Try it »
Transcribe the listing below exactly, leaving out each image.

Data block »
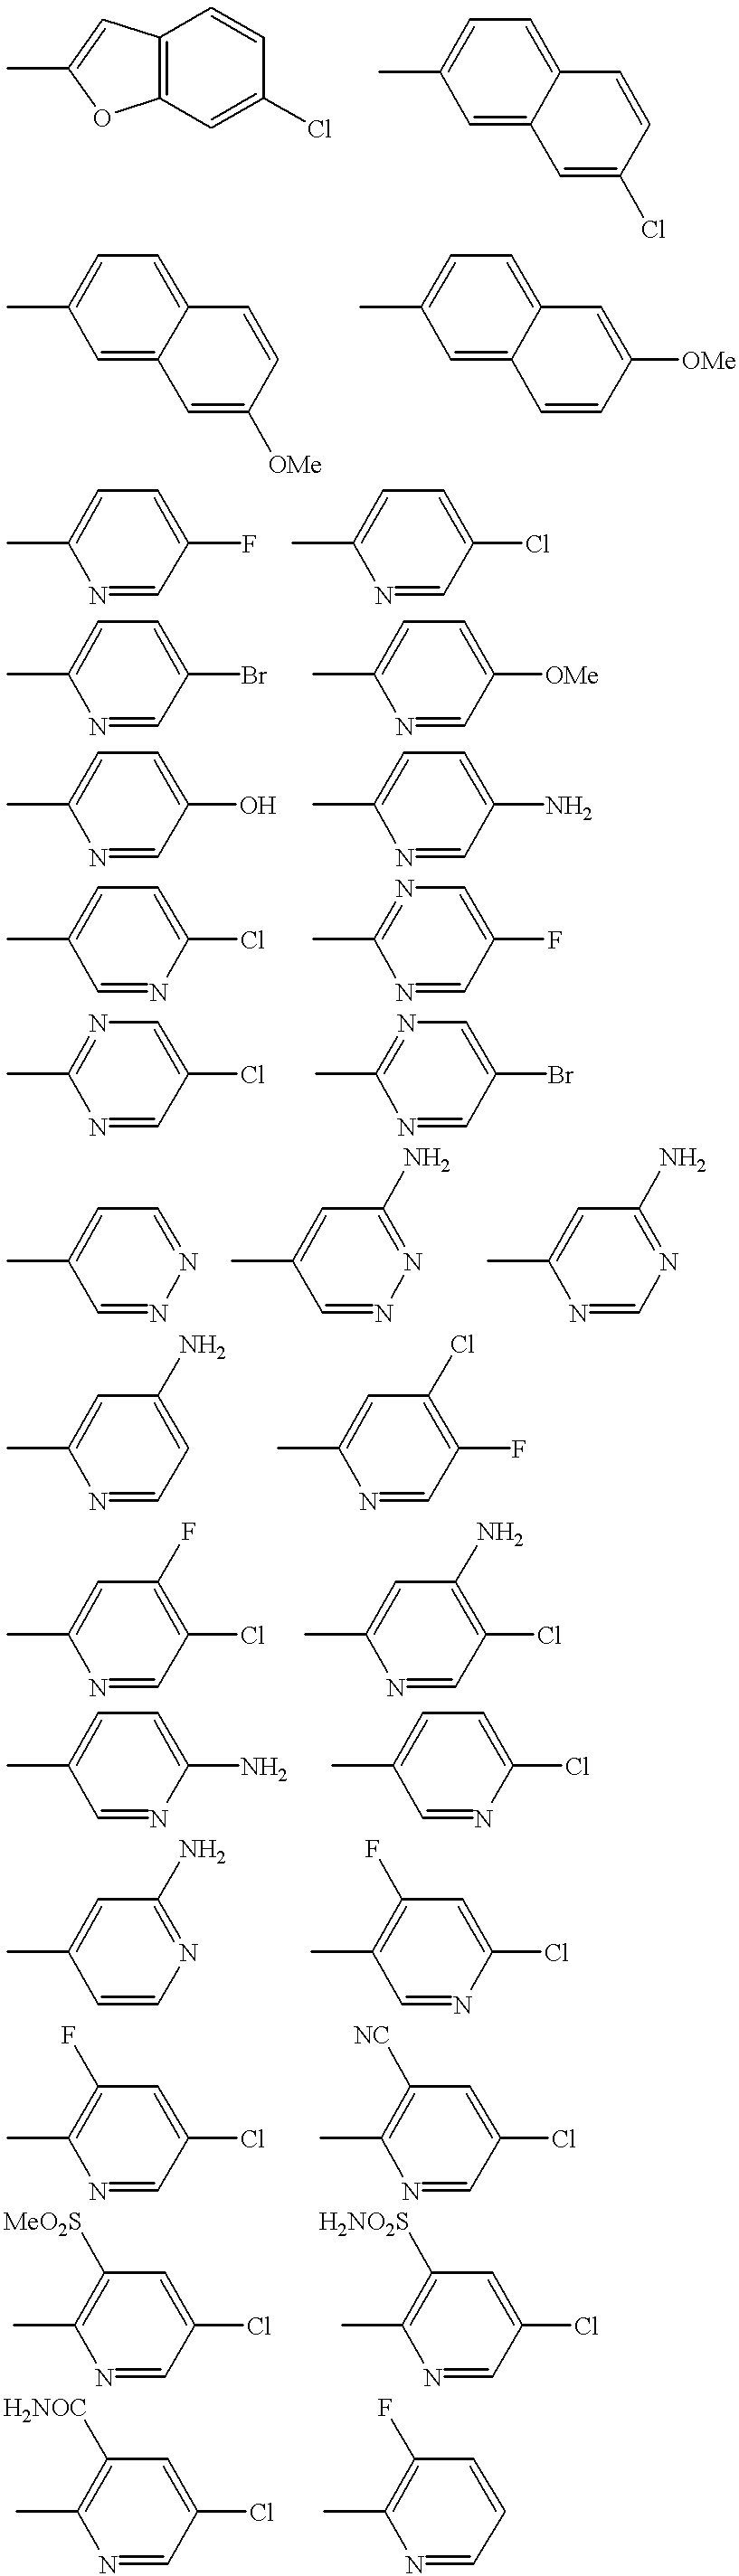 Figure US06376515-20020423-C00085
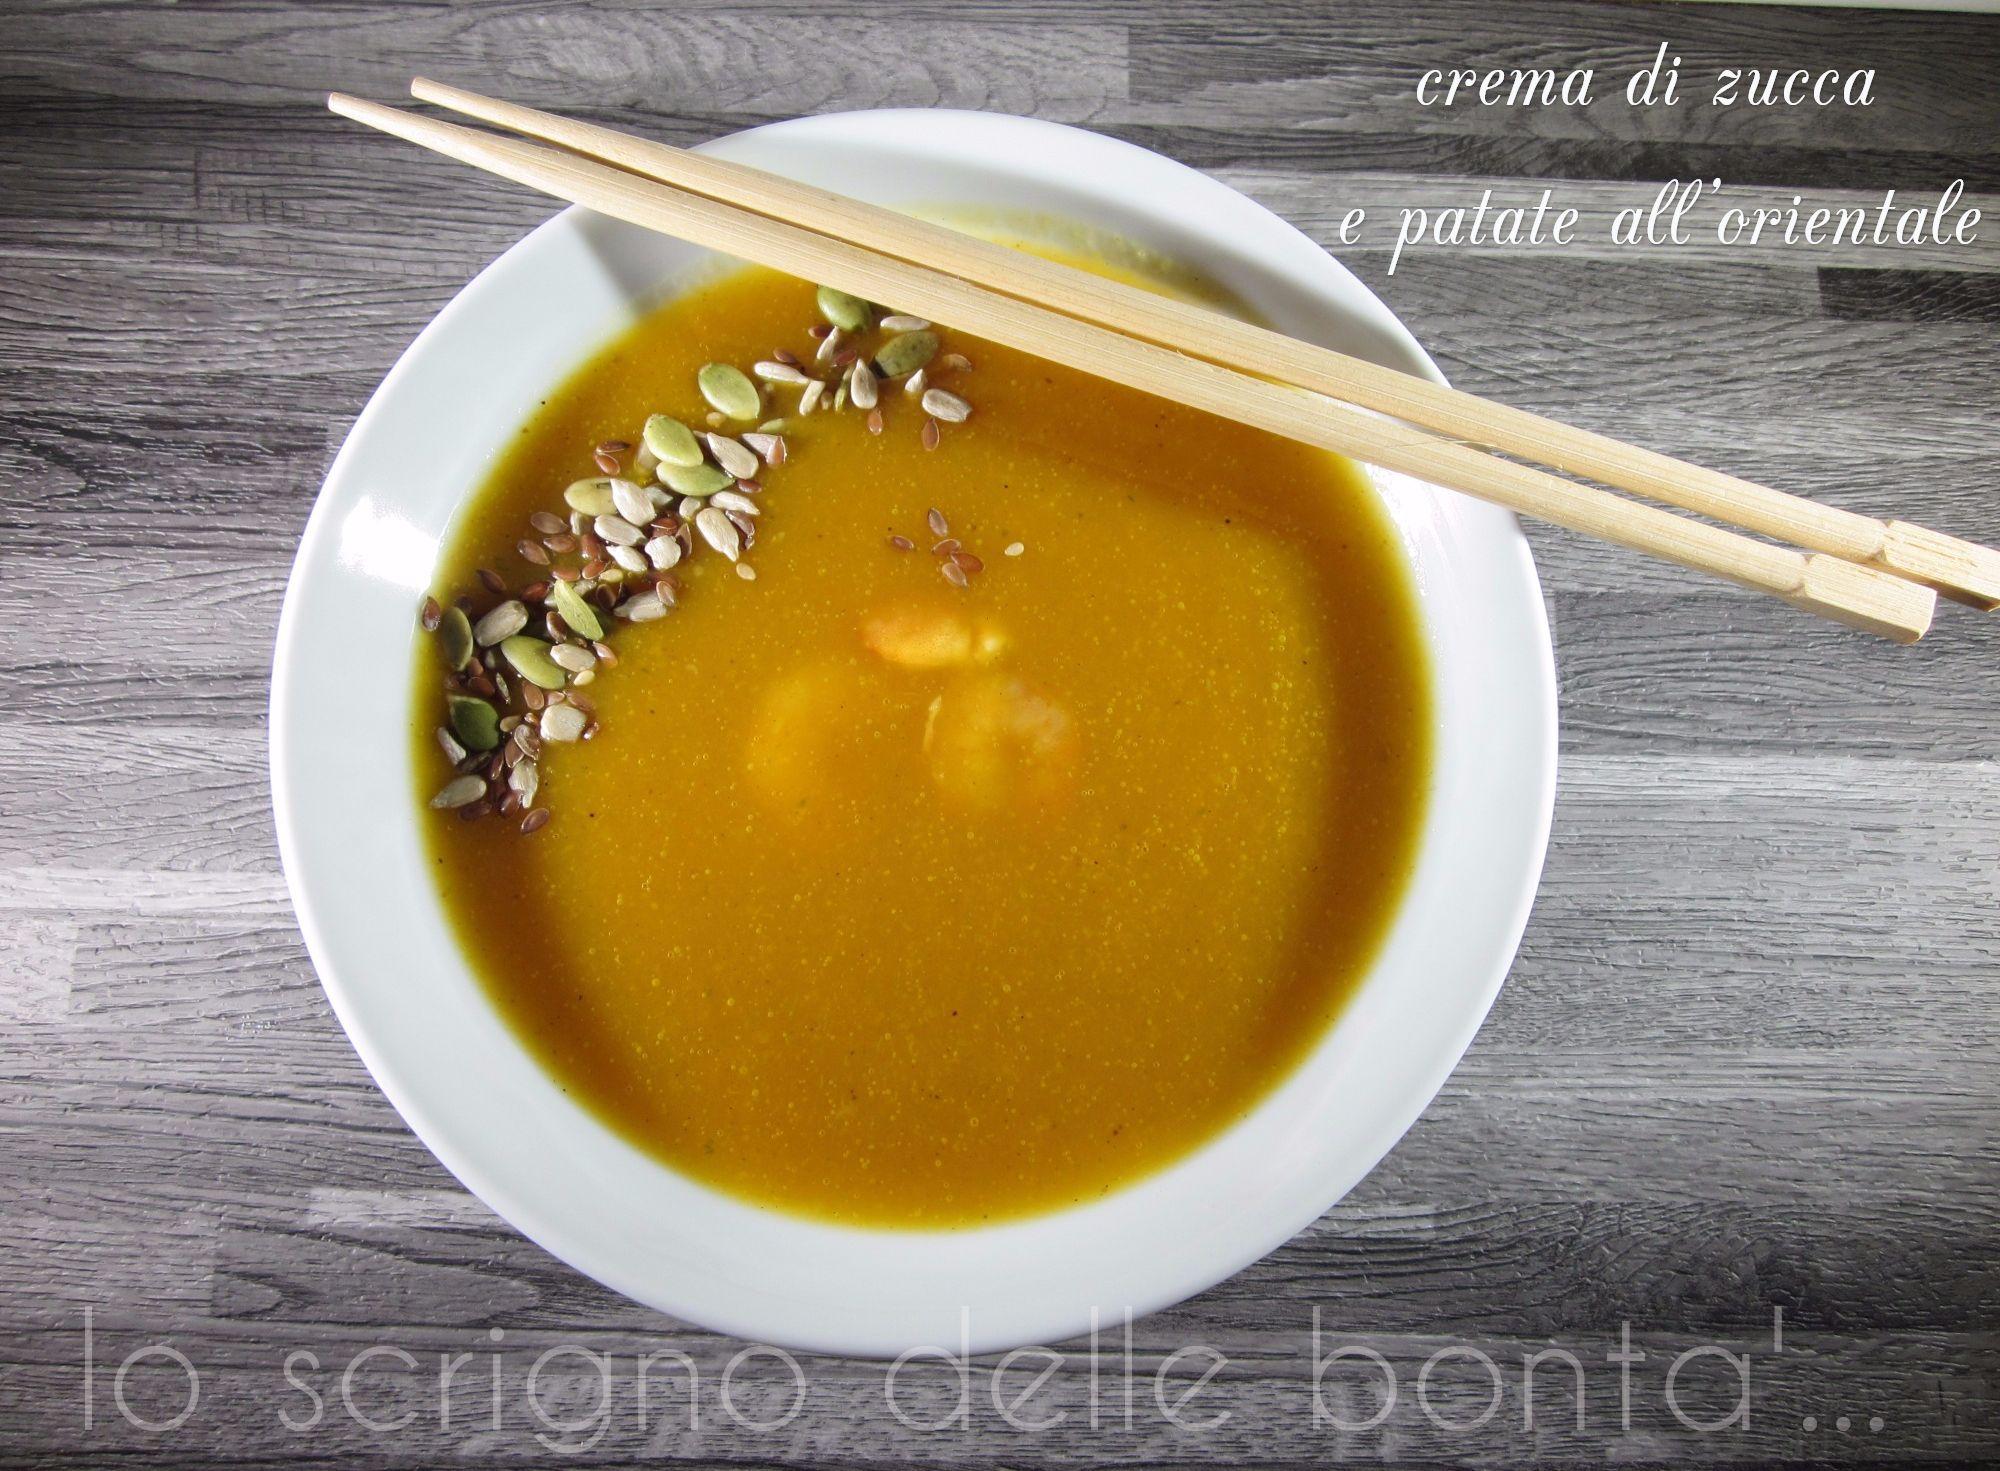 Ricetta Zucca Orientale.Crema Di Zucca E Patate All Orientale
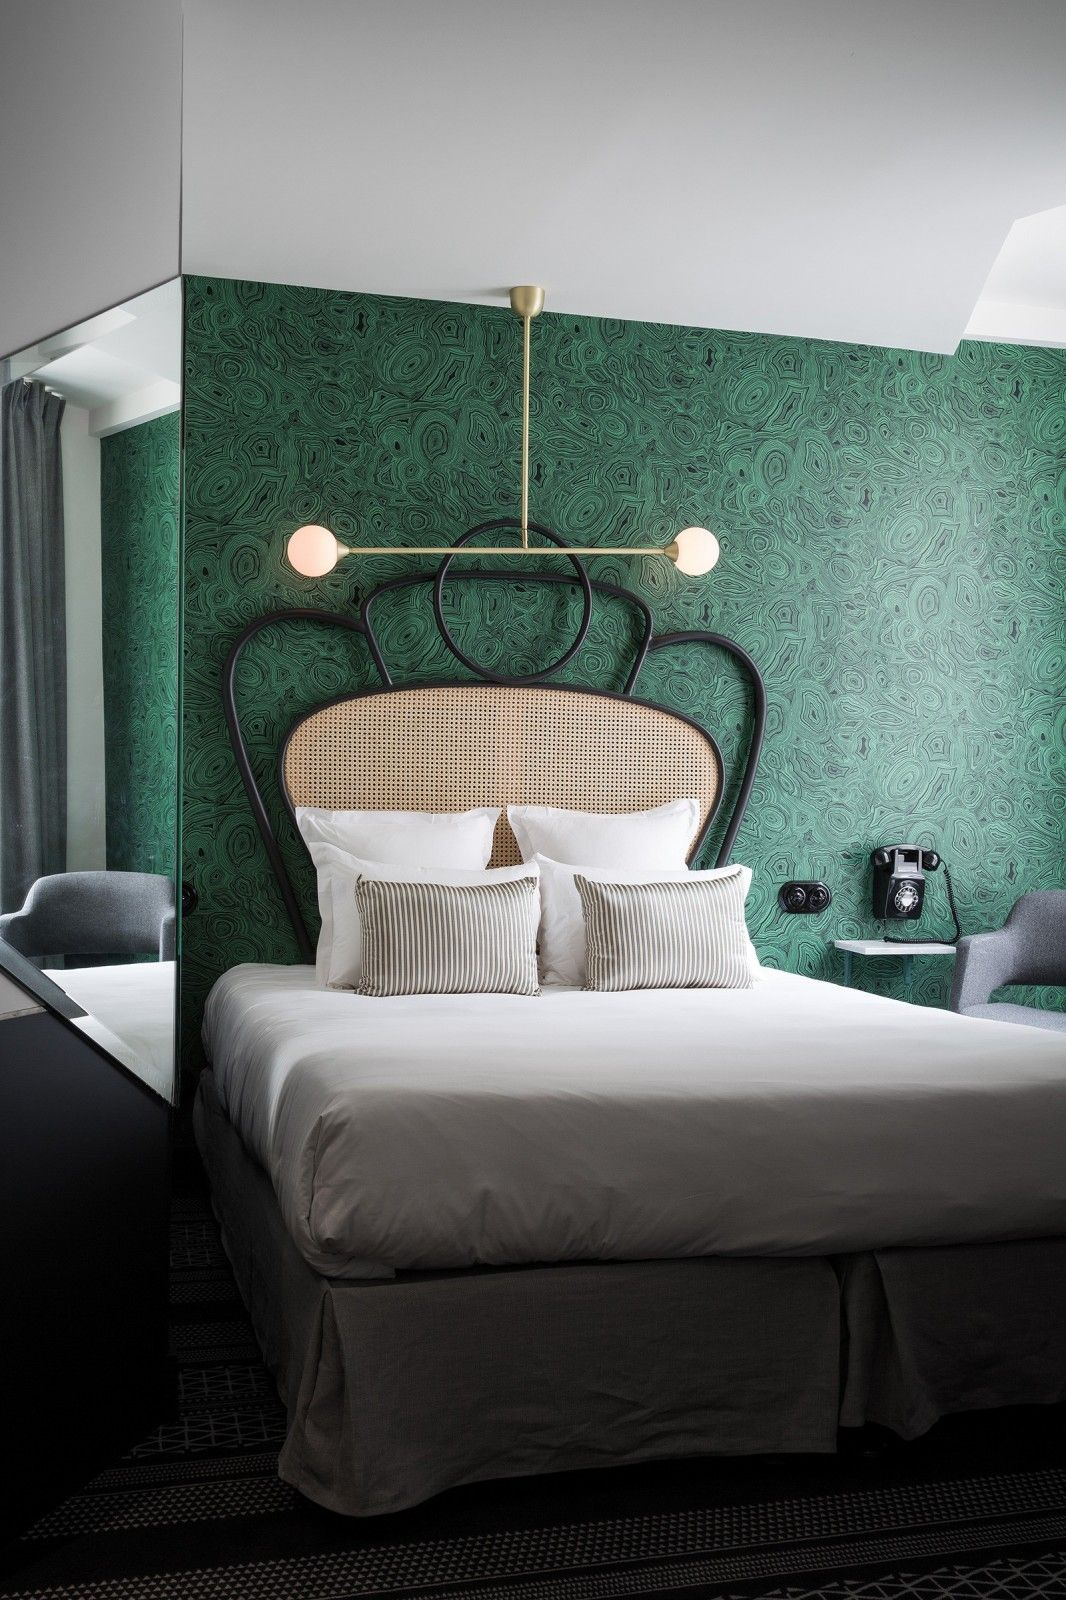 Hôtel Panache – Chambre Double Classique (avec images)  Hotel

Your response »
 Figure US06376515-20020423-C00085
 Ricetta Zucca Orientale.Crema Di Zucca E Patate All Orientale
 Hôtel Panache – Chambre Double Classique (avec images)  Hotel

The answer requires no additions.